3 (1) of Rep. Act No. 6395, as amended.] In determining whether or not an NPC act falls within the purview of the above provision, the Court
must decide whether or not a logical and necessary relation exists between the act questioned and the corporate purpose expressed in the
NPC charter. For if that act is one which is lawful in itself and not otherwise prohibited, and is done for the purpose of serving corporate ends,
and reasonably contributes to the promotion of those ends in a substantial and not in a remote and fanciful sense, it may be fairly considered
within the corporation's charter powers [Montelibano v.

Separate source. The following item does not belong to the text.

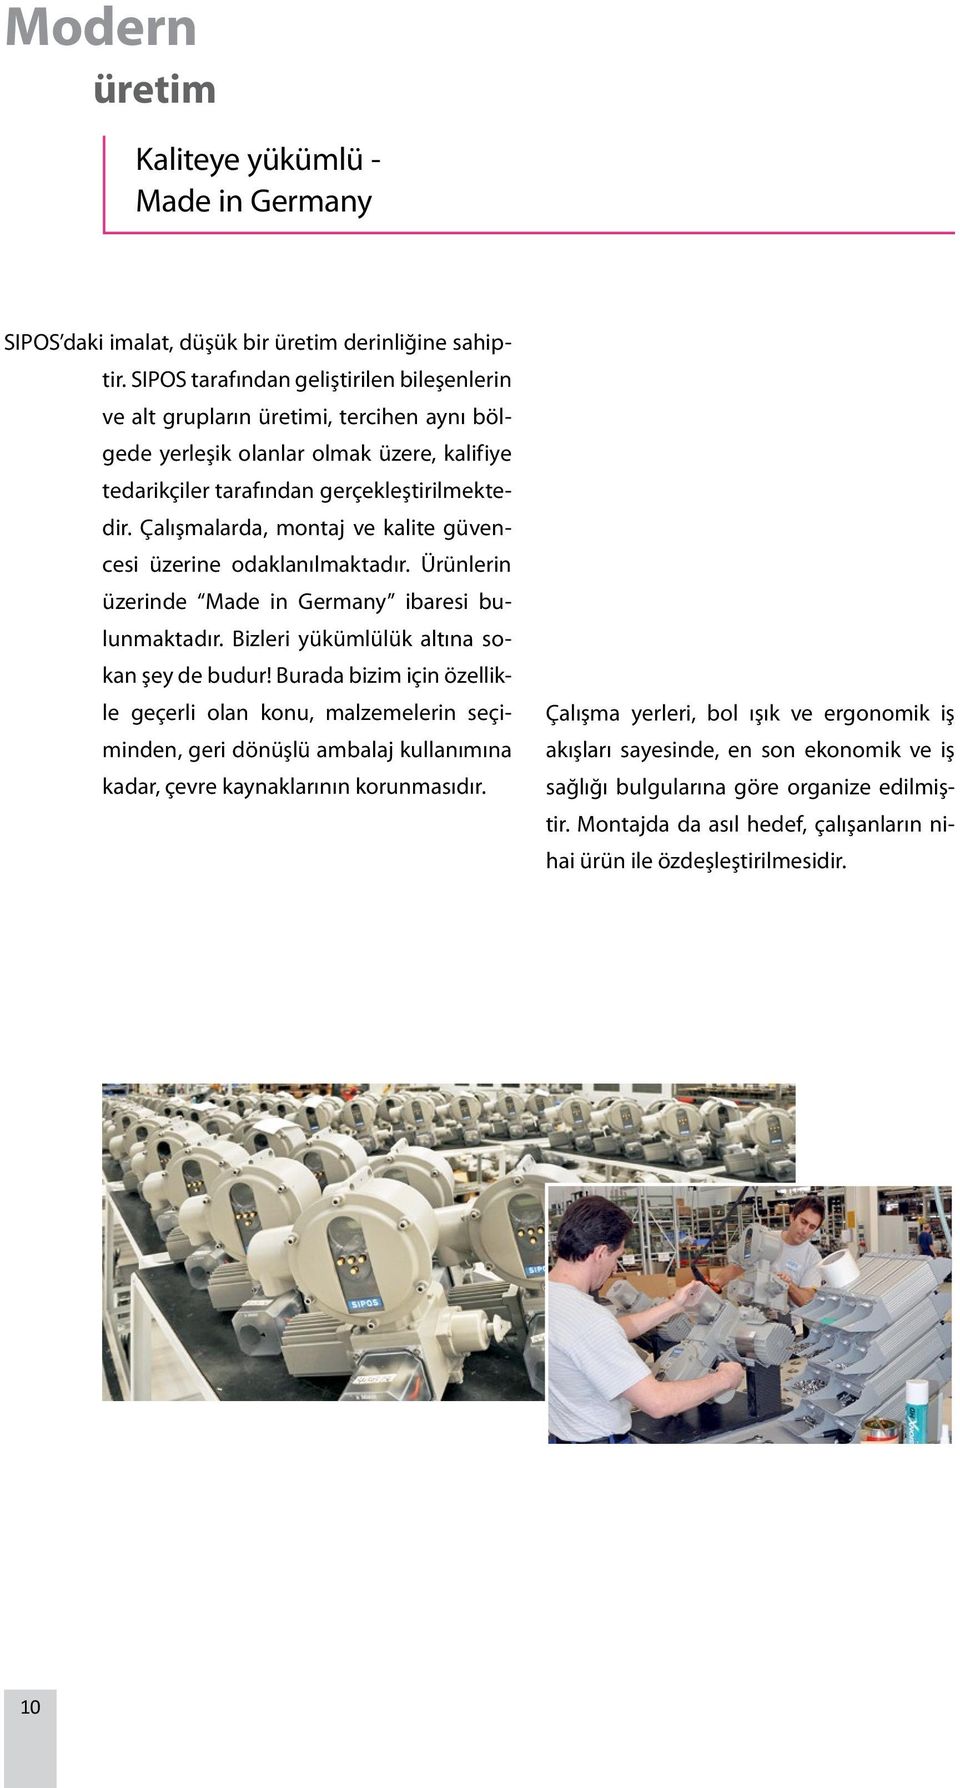 Çalışmalarda, montaj ve kalite güvencesi üzerine odaklanılmaktadır. Ürünlerin üzerinde Made in Germany ibaresi bulunmaktadır. Bizleri yükümlülük altına sokan şey de budur!

Bacolod-Murcia Milling Co., Inc., G.R. No. L-15092, May 18, 1962, 5 SCRA 36.] In the
instant case, it is an undisputed fact that the pier located at Calaca, Batangas, which is owned by NPC, receives the various shipments of
coal which is used exclusively to fuel the Batangas Coal-Fired Thermal Power Plant of the NPC for the generation of electric power. The
stevedoring services which involve the unloading of the coal shipments into the NPC pier for its eventual conveyance to the power plant are
incidental and indispensable to the operation of the plant The Court holds that NPC is empowered under its Charter to undertake such
services, it being reasonably necessary to the operation and maintenance of the power plant.